Yellow cons, _Archocentrus nanoluteus_ are the smallest central at 3-3.5 inches (even though the profile says they get bigger).

HBP get about 5" ...

I know it's not central, but african butterfly cichlids _Anomalochromis thomasi_ are sweet little 3" cichlids. Despite being named after rams and looking like them, they are in the jewelfish family and show it! :thumb:


----------



## gage (Feb 7, 2007)

thanx for the replys guys.

hyposalinty, cons and neets get to large, needs to stay at 3ish inchs, and neets and cons get to large, im thinking about getting a neet for my large tank though. even the other fish you mentioned get much to large for what im looking for.

thanx for the suggestions dwarf pike, *** heard of the yellow dwarfs, but i dunno how easy they are to find, and ill look into the butterfly cichlid!


----------



## kaphil (Aug 3, 2006)

If you are willing to consider African, you could do worse than the good old kribensis. A pair is plenty aggressive but does not have huge territorial demands. Colourful, easily available and easy to breed.


----------



## heylady (Oct 14, 2004)

Rainbows!

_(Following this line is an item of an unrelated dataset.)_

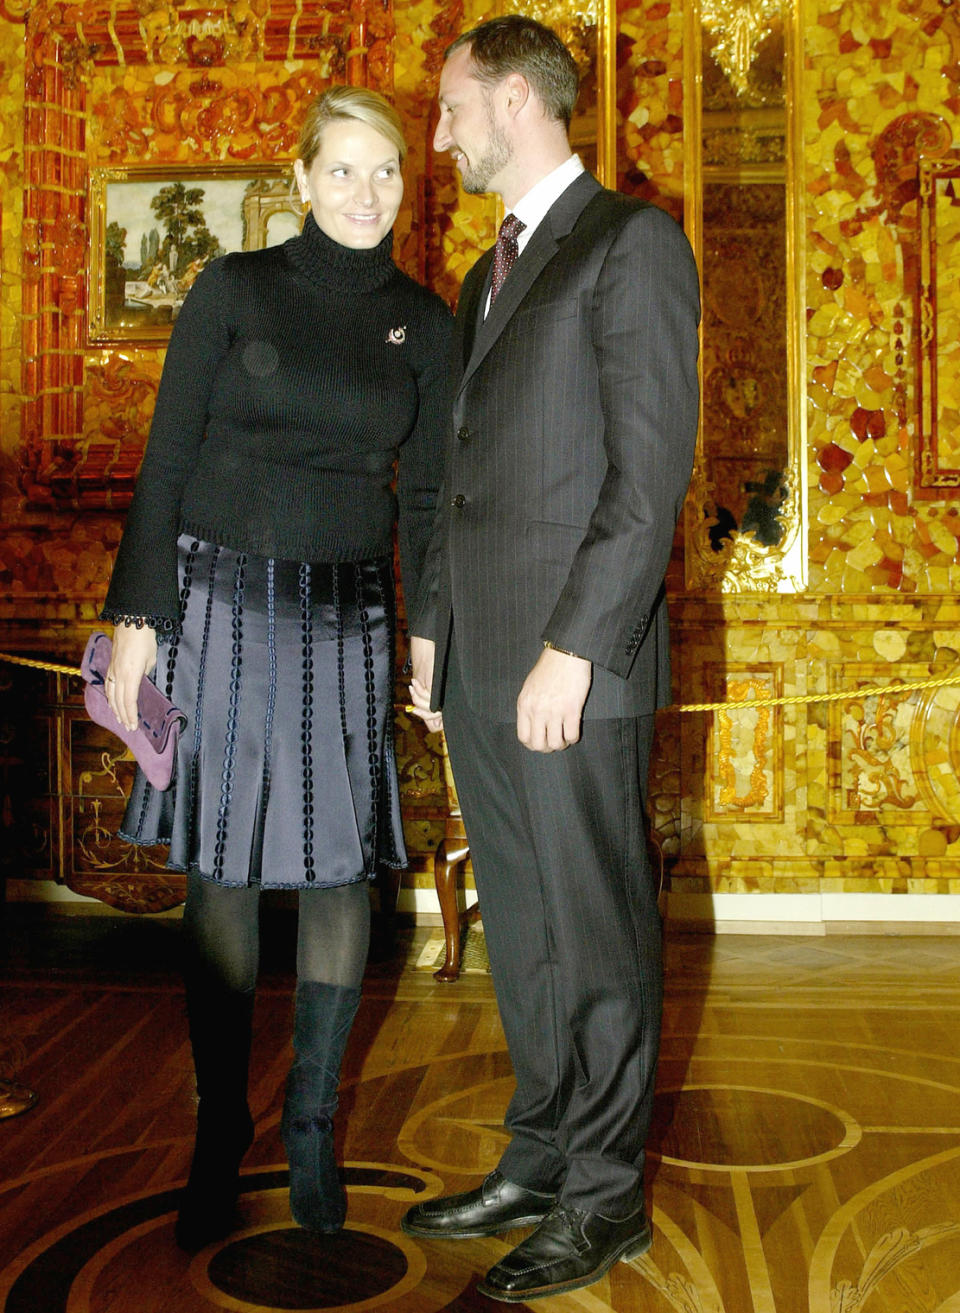 Ein schwarzer, engsitzender Rollkragenpullover und blickdichte Strumpfhosen – 2003 besuchte Prinz Haakon mit seiner Frau das Bernsteinzimmer in Russland. Dem reich verzierten Raum konnte die blonde Prinzessin allerdings nicht die Show stehlen.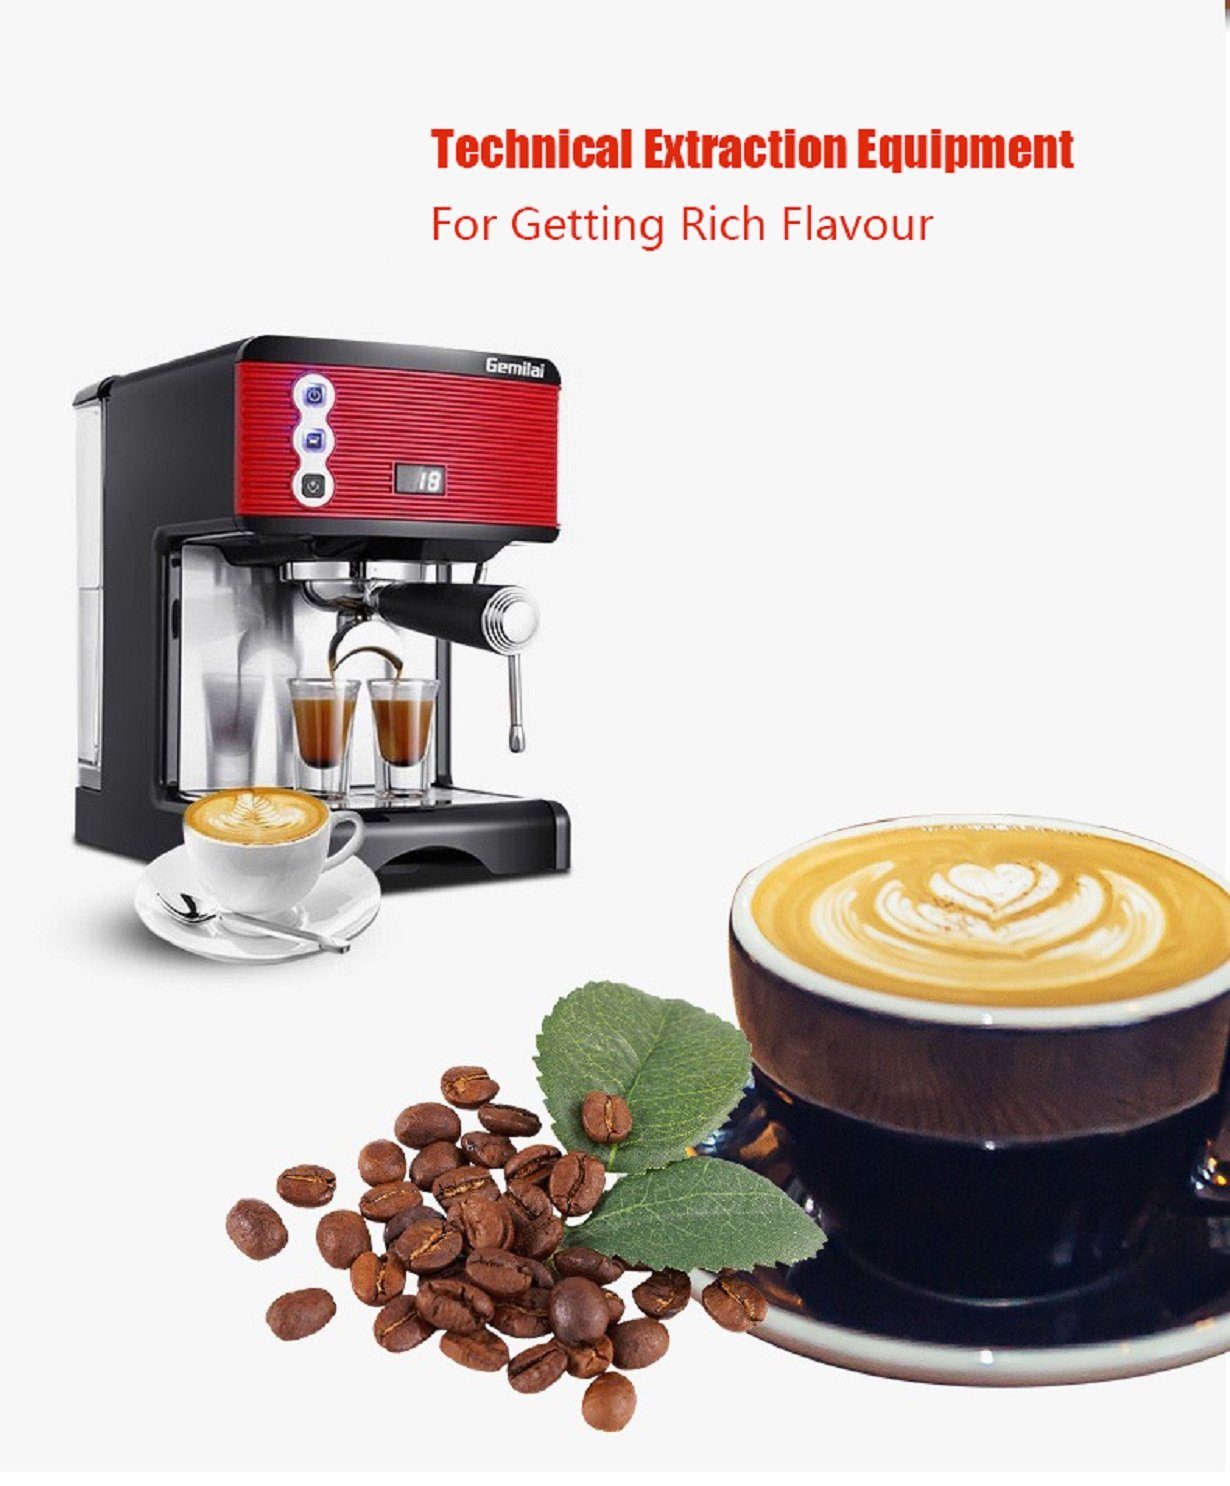 YOSHAN Espressomaschine Machine Semi Espresso 3601 Durchmesser 58mm GM, automatische Korbfilter

Small, aggressive, colorful....


----------



## shef (Oct 3, 2004)

Rainbows are small and colorful, but I've never had one that could be considered aggressive.


----------



## travis2k (Apr 23, 2008)

> I would say Neets or Cons


Well my male cons are closer to 6" than they are to 3.5"

If you are looking for small and agressive, you might be better with africans


----------



## gage (Feb 7, 2007)

sorry for not replying, been on a trip for band class.

im still looking for options, im goin to do some research and see what i can come up with.

thanx.


----------